Has this been posted yet?






4,050 cubes. Someone has way too much time on their hands.


----------



## sub_zero1983 (Oct 26, 2009)

Hmmm i wonder how long it would take somebody to solve all those cubes


----------



## 4Chan (Oct 26, 2009)

According to the UWR, around a day or so.


----------



## masterofthebass (Oct 26, 2009)

This is from Cubeworks. I know sarah and eric were working with the 'artist' at some point. Not sure who worked on this.


----------



## Edward (Oct 26, 2009)

Holy crap, i wonder if this is that guy who wanted to get like 600 cubes cheap.


----------



## Sa967St (Oct 26, 2009)

masterofthebass said:


> This is from Cubeworks. I know sarah and eric were working with the 'artist' at some point. Not sure who worked on this.

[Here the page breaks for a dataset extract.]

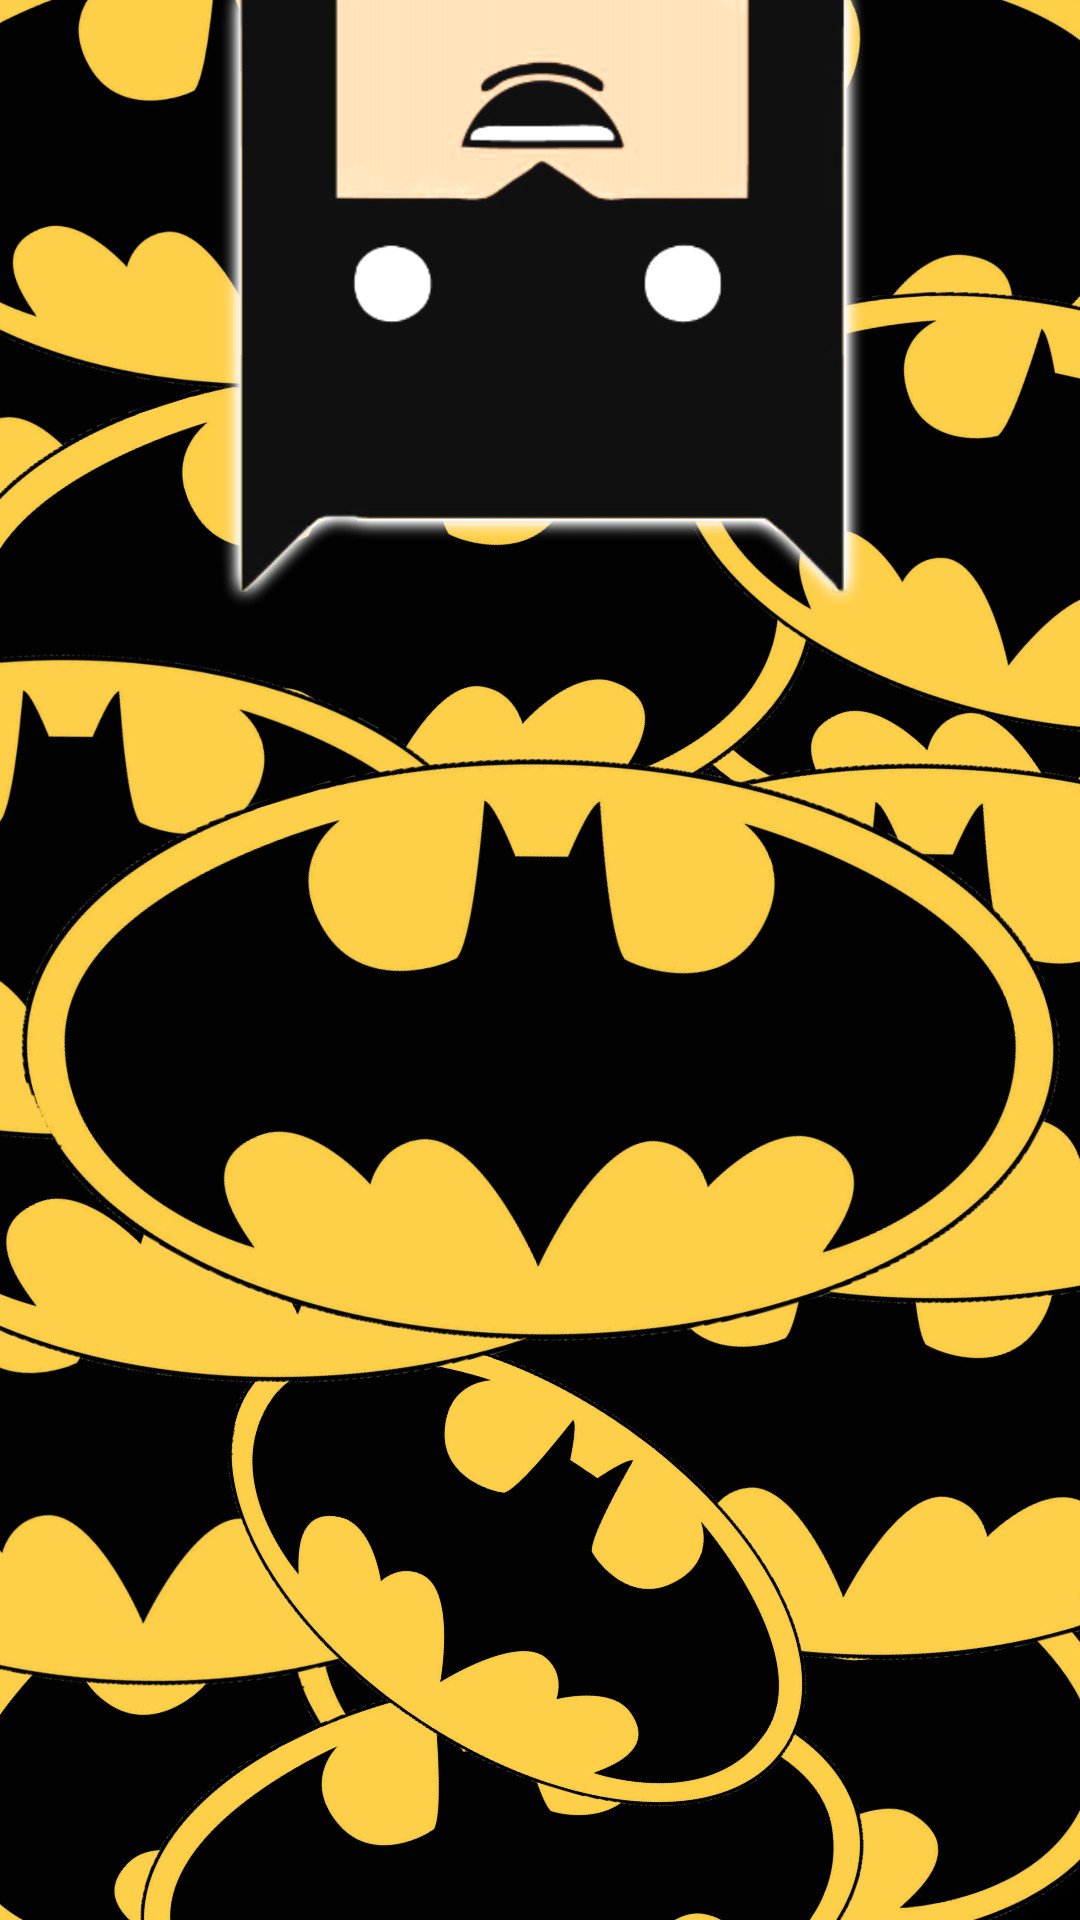 Batman phone wallpaper, Batman phone background, Batman phone home screen, Batman phone lock screen, Batman phone wallpaper, Batman phone wallpaper for android, Batman phone wallpaper for iphone, Batman phone wallpaper for galaxy, Batman phone wallpaper for huawei - Batman
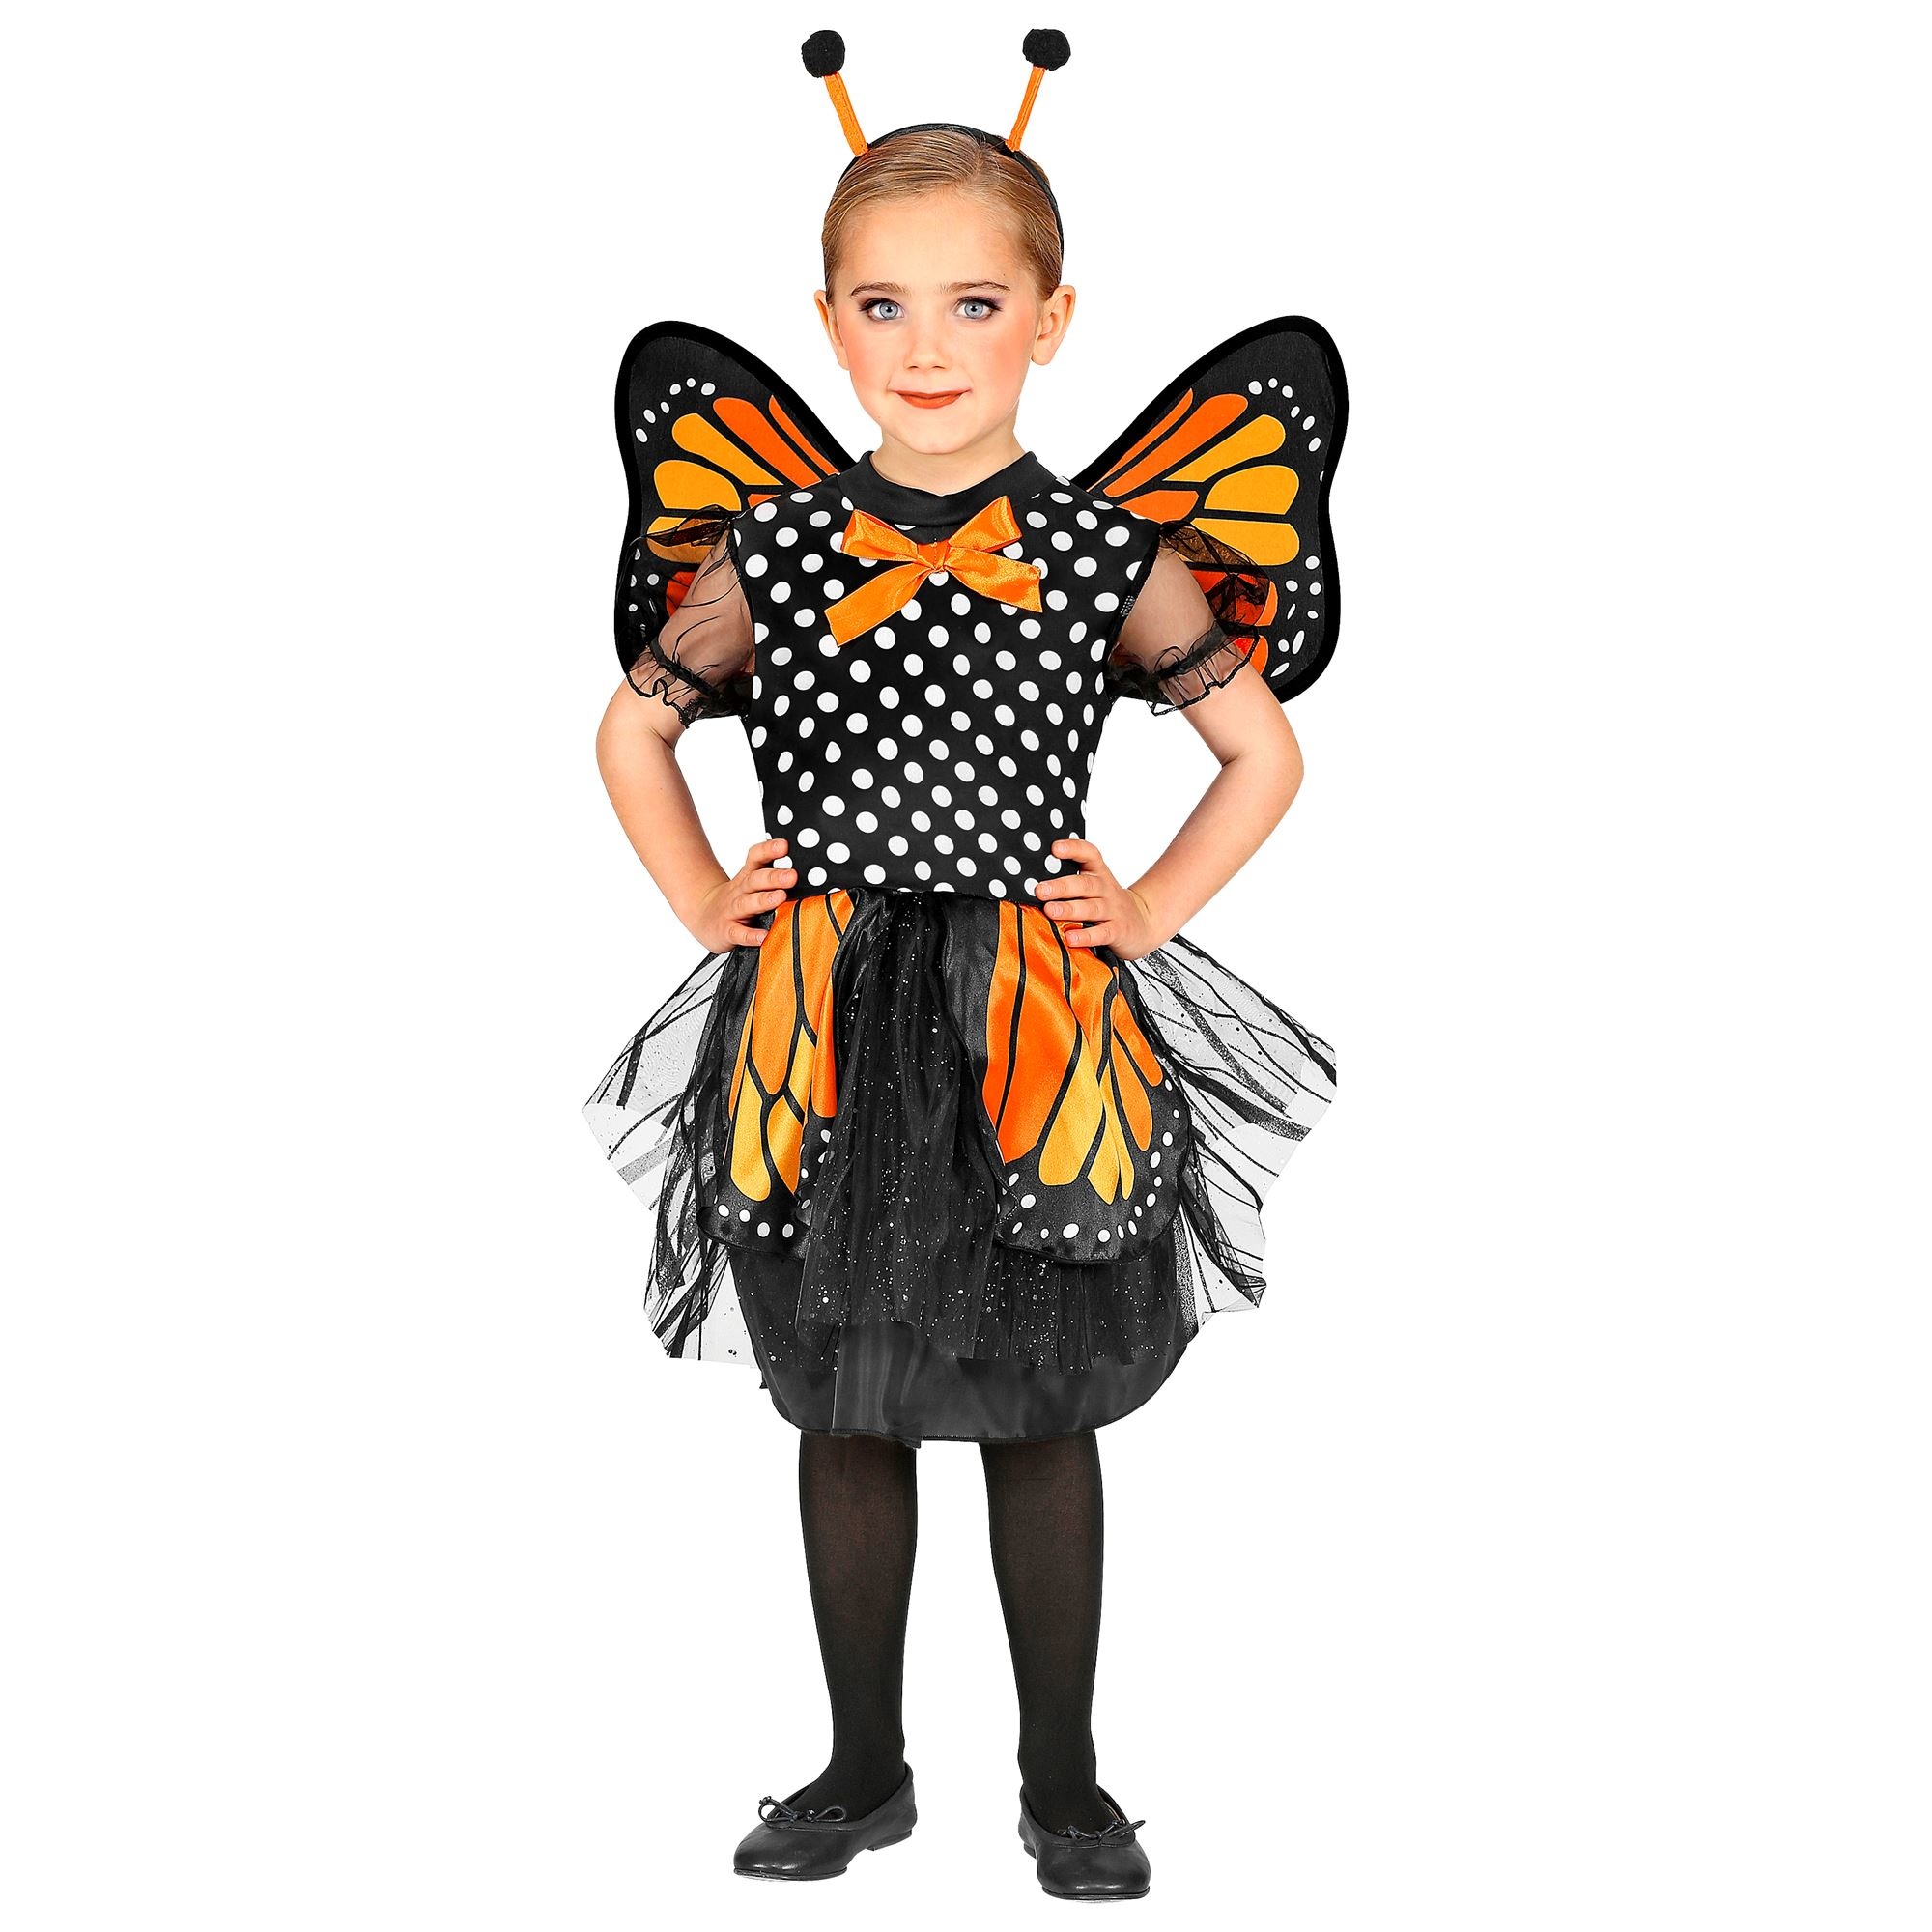 Widmann - Vlinder Kostuum - Magnifieke Monarchvlinder - Meisje - oranje,zwart - Maat 116 - Carnavalskleding - Verkleedkleding

 Eric did most of it. I only did a few panels



brunson said:


> 4,050 cubes. Someone has way too much time on their hands.


 but we got paid 



Sandbest said:


> sub_zero1983 said:
> 
> 
> > Hmmm i wonder how long it would take somebody to solve all those cubes
> ...


they were very cheap cubes, like the ones you can buy at the dollar store, and so I'm pretty sure it would take much longer than that


----------



## IamWEB (Oct 26, 2009)

THAT IS AWESOME.


----------



## DavidSanders (Oct 26, 2009)

That is well done. I would like to see it in person. Anyone know exactly where it is being held?


----------



## Sa967St (Oct 26, 2009)

DavidSanders said:


> That is well done. I would like to see it in person. Anyone know exactly where it is being held?



'twas sent to the guy in Florida who bought it ...


----------



## IamWEB (Oct 26, 2009)

How much were you paid for helping?


----------



## JLarsen (Oct 26, 2009)

Why is it all cube related news is incredibly short? They can't do a little research? Go a little more in depth? It was like 5 sentences...


----------



## fundash (Oct 27, 2009)

Sn3kyPandaMan said:


> Why is it all cube related news is incredibly short? They can't do a little research? Go a little more in depth? It was like 5 sentences...


+1

I agree with you.


----------



## guitardude7241 (Oct 27, 2009)

I remember this guy asking for cubes... that's some pretty good art!


----------



## Twofu2 (Oct 28, 2009)

I agree, but wow! That's Amazing! That must have taken alot of time and dedication. Imagine you're almost done and suddenly a ball hits it and destroys it. Just saying...


----------



## Sa967St (Nov 17, 2009)

~bump~

there's an article about this 
http://www.metronews.ca/toronto/local/article/367893--cubing-supper

also, the original video was removed, but someone else re-uploaded it:


----------